Thereafter, the ARDS risk for future patients may be based on this reduced set of required input features and corresponding revised diagnostic models. The threshold(s) for the revised diagnostic model(s) may also be selected to maximize the prediction lead time, or maximize the proportion of patients receiving at least some minimal prediction lead time.

BRIEF DESCRIPTION OF THE DRAWINGS

The invention is explained in further detail, and by way of example, with reference to the accompanying drawings wherein:

FIG. 1 illustrates an example ARDS detection system as disclosed in the parent application to this application.

FIG. 2 illustrates an example diagnostic model used in the example ARDS detection system of FIG. 1.

FIG. 3 illustrates example ROC curves for six diagnostic models and two prediction aggregators in an example ARDS detection system.

FIG. 4 illustrates an example ARDS detection system of this invention that uses patient physiological data to provide a prediction of ARDS.

FIG. 5 illustrates an example process for determining prediction thresholds that maximize prediction lead times of a plurality of ARDS predictors.

FIG. 6 illustrates an example ‘pruning’ of the ARDS detection system of FIG. 4 to reduce the number of required input features to each diagnostic model.

FIG. 7 illustrates an example flow diagram of a pruning of the ARDS detection system of FIG. 4.

FIG. 8 illustrates a further example pruning of the ARDS detection system of FIG. 6.

FIG. 9 illustrates an example flow diagram for using an embodiment of this invention for detecting an onset of ARDS.

FIG. 10 illustrates example ROC curves corresponding to an example embodiment of the ARDS detection system of this invention.

FIG. 11 illustrates example distribution plots of prediction lead times for different predictor thresholds.

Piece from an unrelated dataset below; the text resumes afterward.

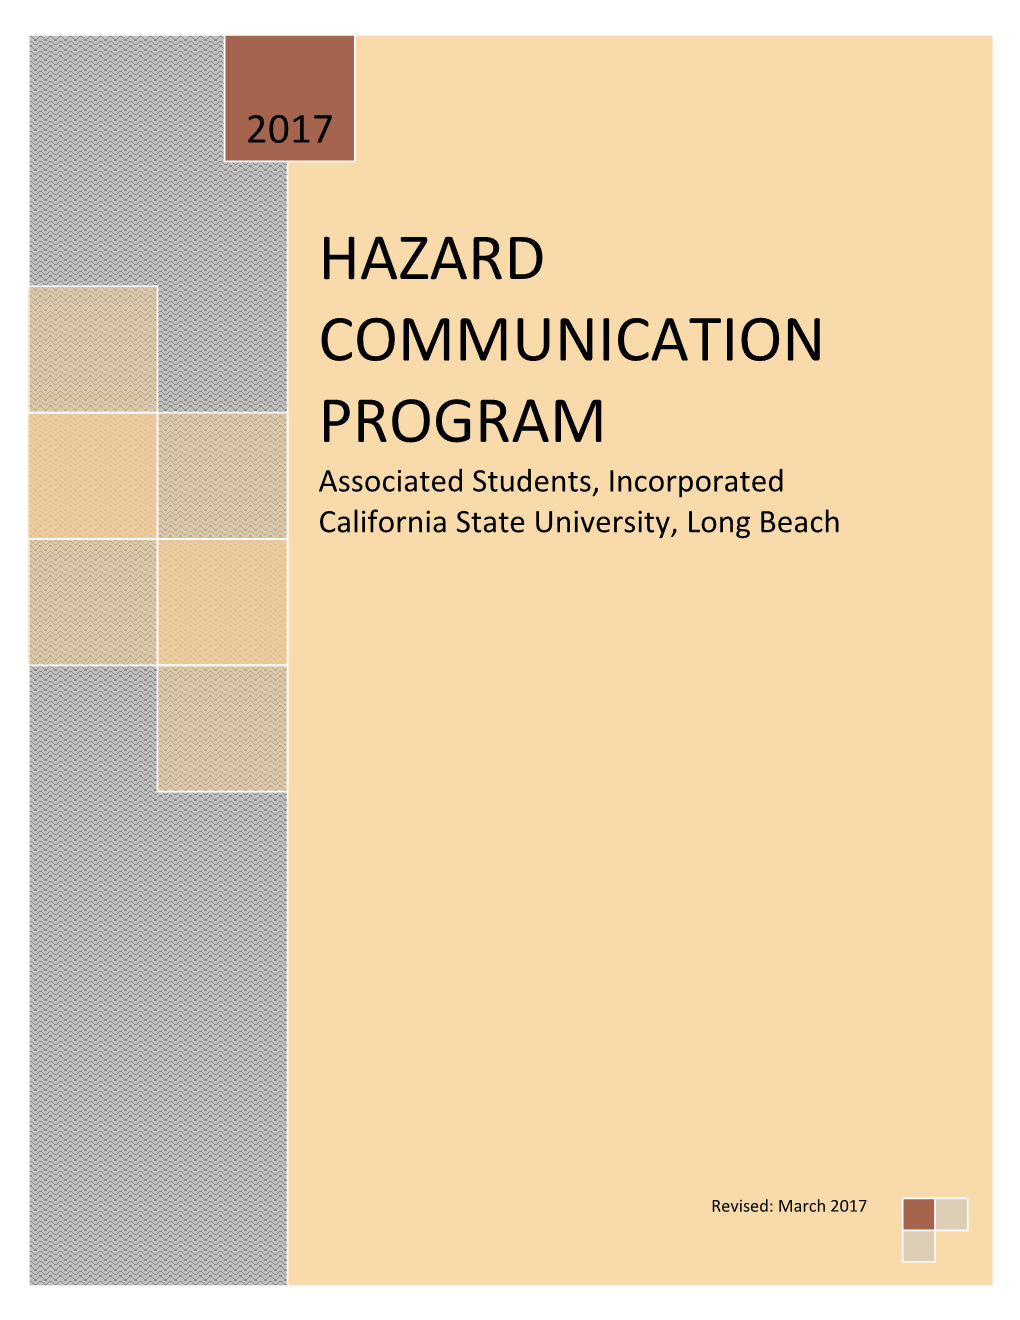 Policy on Hazard Communication Program
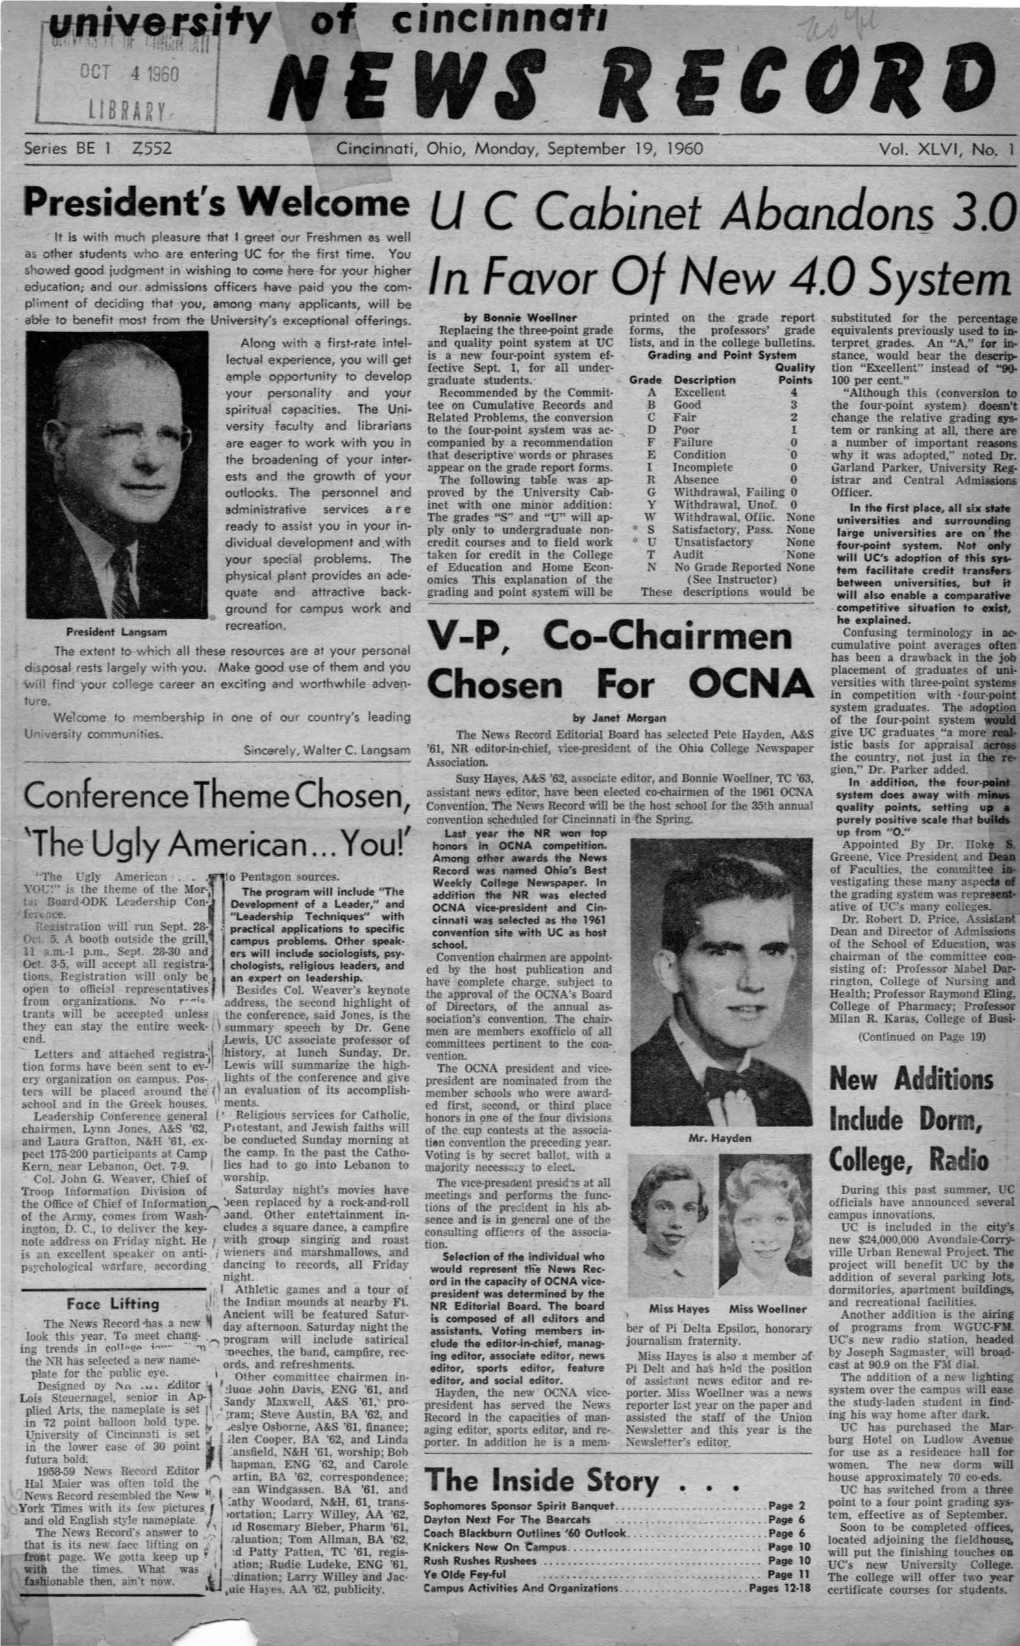 University of Cincinnati News Record. Monday, September 19, 1960. Vol. XLVI, No. 1

FIG. 12 illustrates an example comparison of ROC curves of the aggregate ARDS between a parsimonious embodiment of this invention and an embodiment of the ARDS detection system of the prior art.

Throughout the drawings, the same reference numerals indicate similar or corresponding features or functions. The drawings are included for illustrative purposes and are not intended to limit the scope of the invention.

DETAILED DESCRIPTION

In the following description, for purposes of explanation rather than limitation, specific details are set forth such as the particular architecture, interfaces, techniques, etc., in order to provide a thorough understanding of the concepts of the invention. However, it will be apparent to those skilled in the art that the present invention may be practiced in other embodiments, which depart from these specific details. In like manner, the text of this description is directed to the example embodiments as illustrated in the Figures, and is not intended to limit the claimed invention beyond the limits expressly included in the claims. For purposes of simplicity and clarity, detailed descriptions of well-known devices, circuits, and methods are omitted so as not to obscure the description of the present invention with unnecessary detail.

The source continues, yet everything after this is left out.